The only attack made by defendant upon his judgment of conviction was in a collateral proceeding--initiated by a petition for a writ of habeas corpus and converted into a proceeding under the Post-Conviction Hearing Act (ch. 636 Oregon Laws 1959). The law is well settled that the failure of the indictment to allege facts sufficient to constitute a crime cannot be raised in a habeas corpus proceeding. Smallman v. Gladden, 206 Or. 262, 273, 291 P.2d 749 (1955); Hills v. Pierce, 113 Or. 386, 396, 231 P. 652 (1924); Knewel v. Egan, 268 U.S. 442, 45 S.Ct. 522, 69 L.Ed. 1036 (1925); Dimmick v. Tompkins, 194 U.S. 540, 24 S.Ct. 780, 48 L.Ed. 1110 (1904); Roth v. United States, 295 F.2d 364 (8th Cir., 1961); 25 Am.Jur. Habeas Corpus 175 § 43. In Hills v.

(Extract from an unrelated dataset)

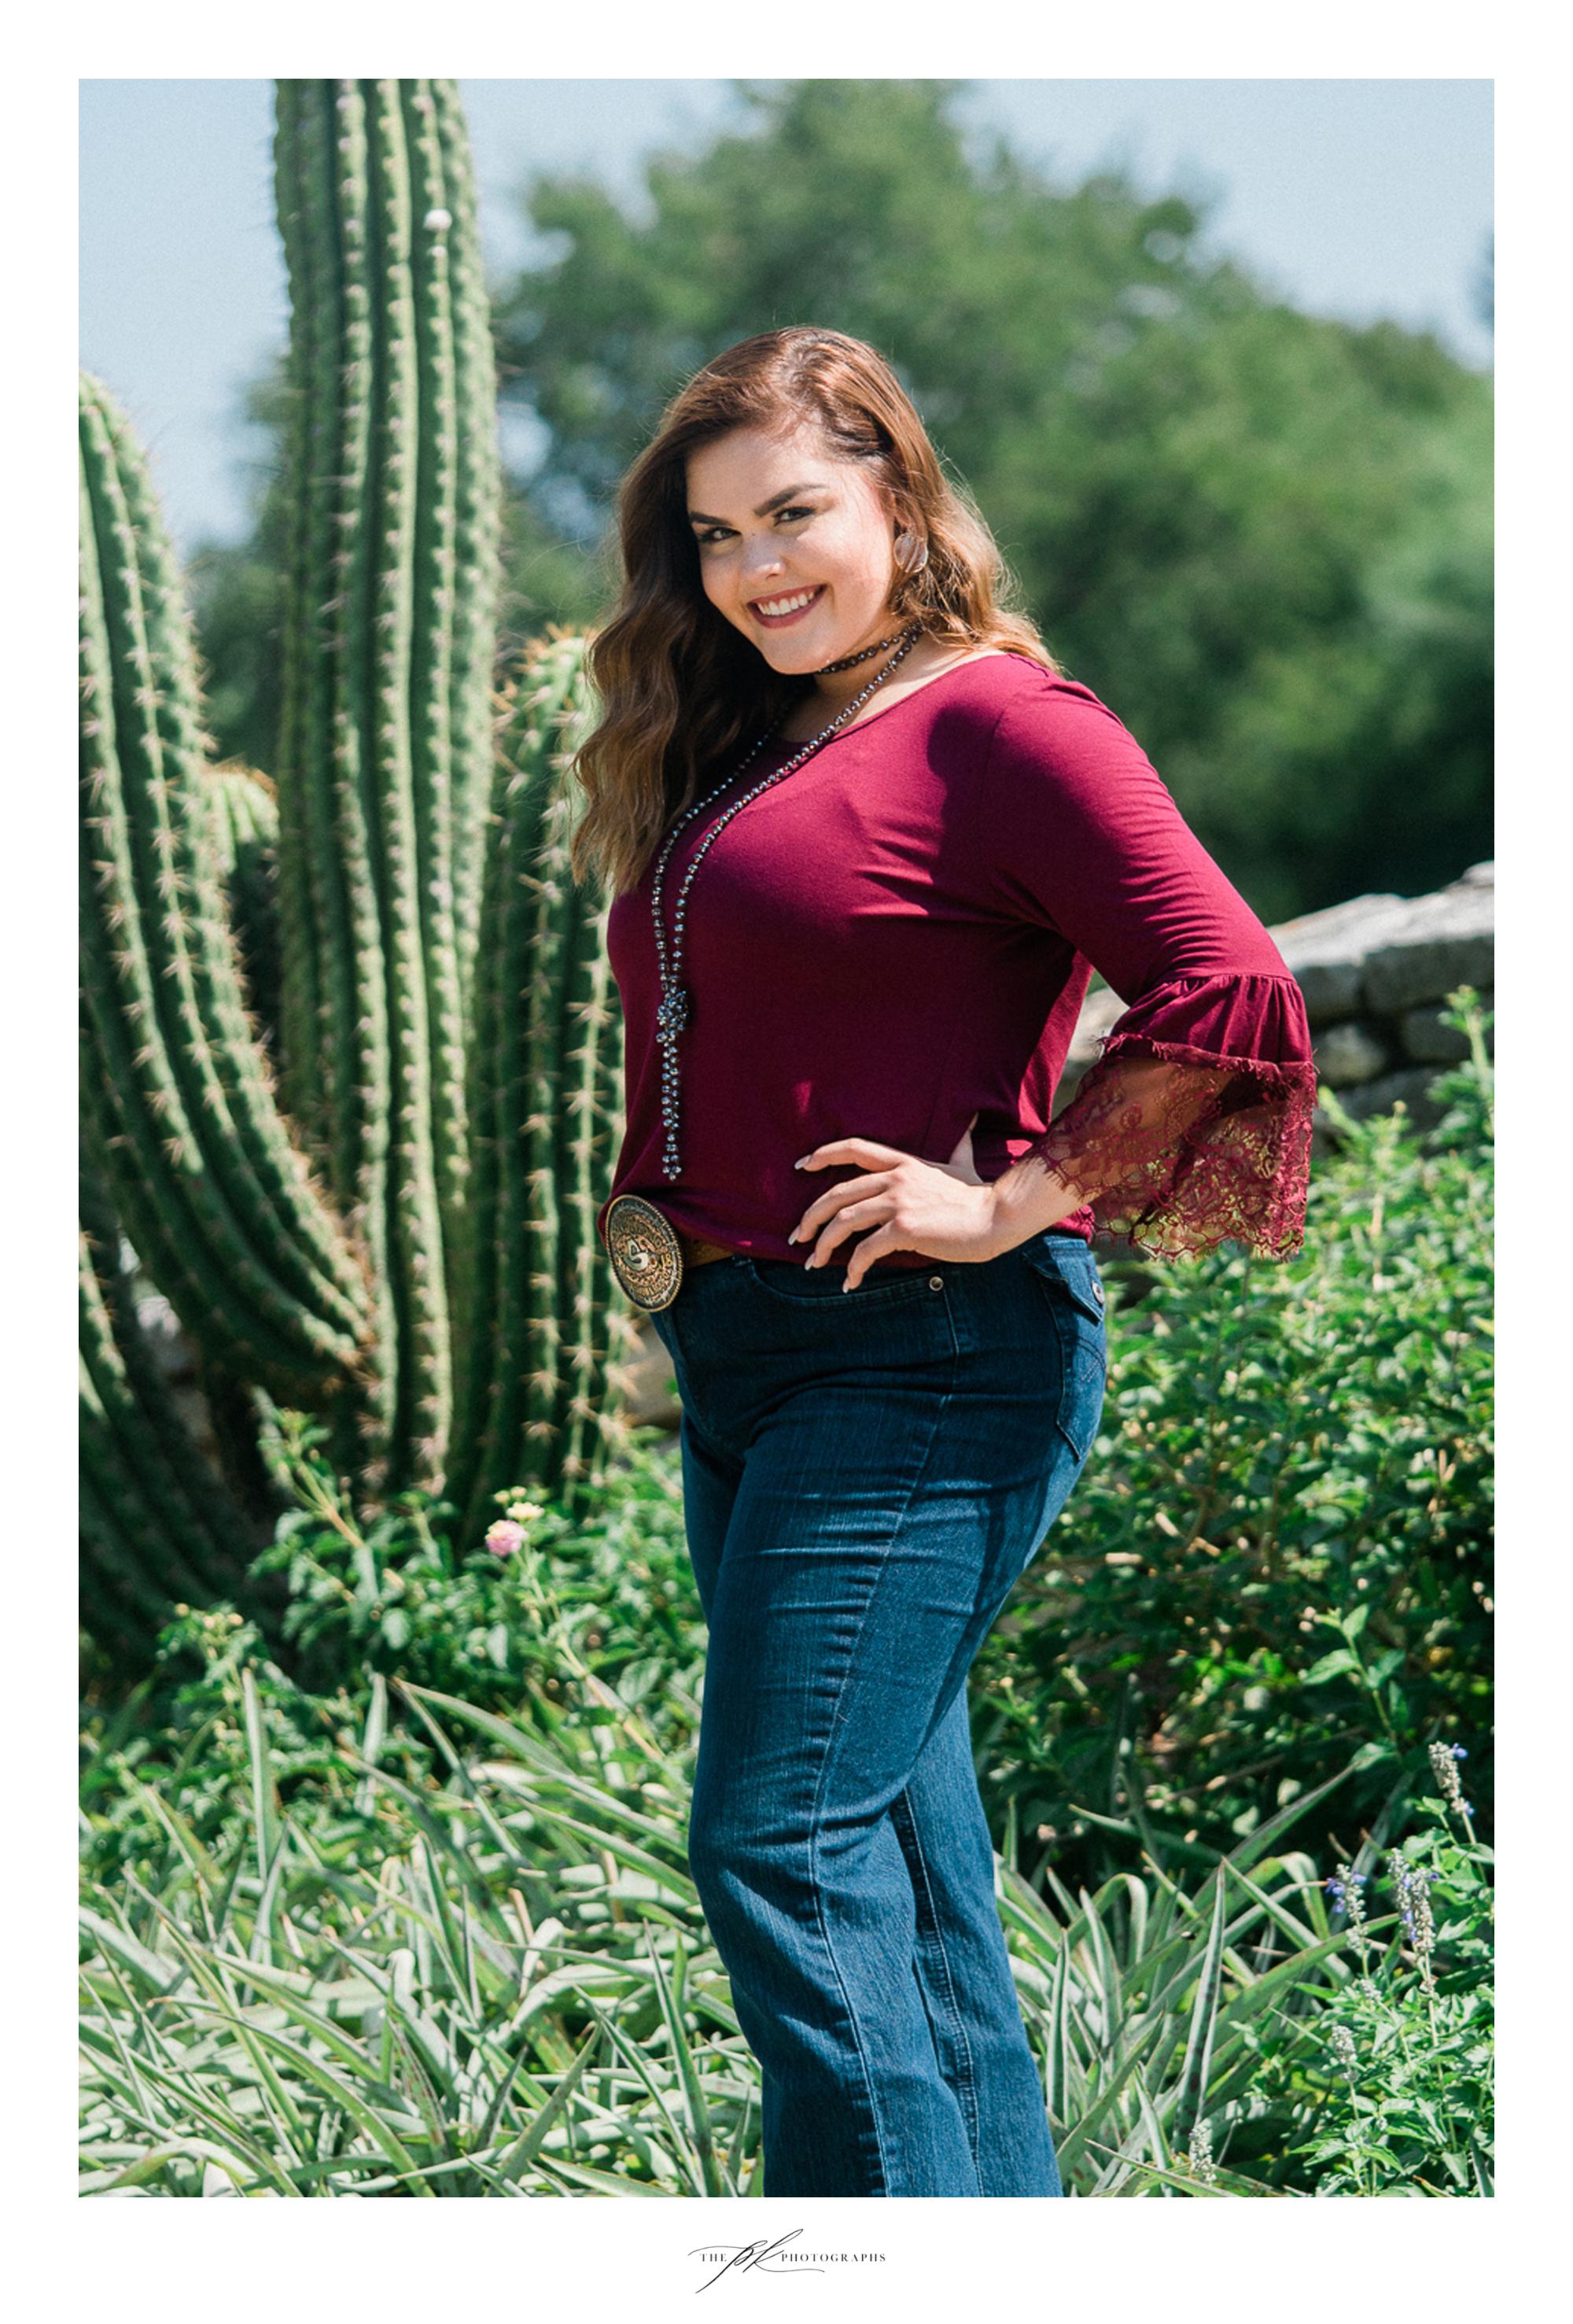 Senior portraits of Malorie at the San Antonio Botanical Gardens

Pierce, supra, at 113 Or. 396, 231 P. 655, the court said:
The above rule is applicable to a proceeding under our Post-Conviction Hearing Act, which, like habeas corpus, is a collateral attack on the judgment. See Brooks v. Gladden, 226 Or. 191, 358 P.2d 1055 (1961), cert. denied 366 U.S. 974, 81 S.Ct. 1942, 6 L.Ed.2d 1263; State v. D'Onofrio, 221 Md. 20, 155 A.2d 643 (1959); Collins and Neil, The Oregon Postconviction-Hearing Act, 39 Ore.L.Rev. 337, 363. The rule above referred to has been applied to a post-conviction proceeding under the Maryland act. Wilson v. Warden of the Maryland Penitentiary, 222 Md. 580, 158 A.2d 103 (1960), cert. denied 364 U.S. 841, 81 S.Ct. 79, 5 L.Ed.2d 65. Nevertheless, defendant in his post-conviction proceeding did challenge the sufficiency of the indictment, and the circuit court for Marion county found against him. Whether that judgment constitutes an additional bar to any further challenge of the indictment we need not consider at this time.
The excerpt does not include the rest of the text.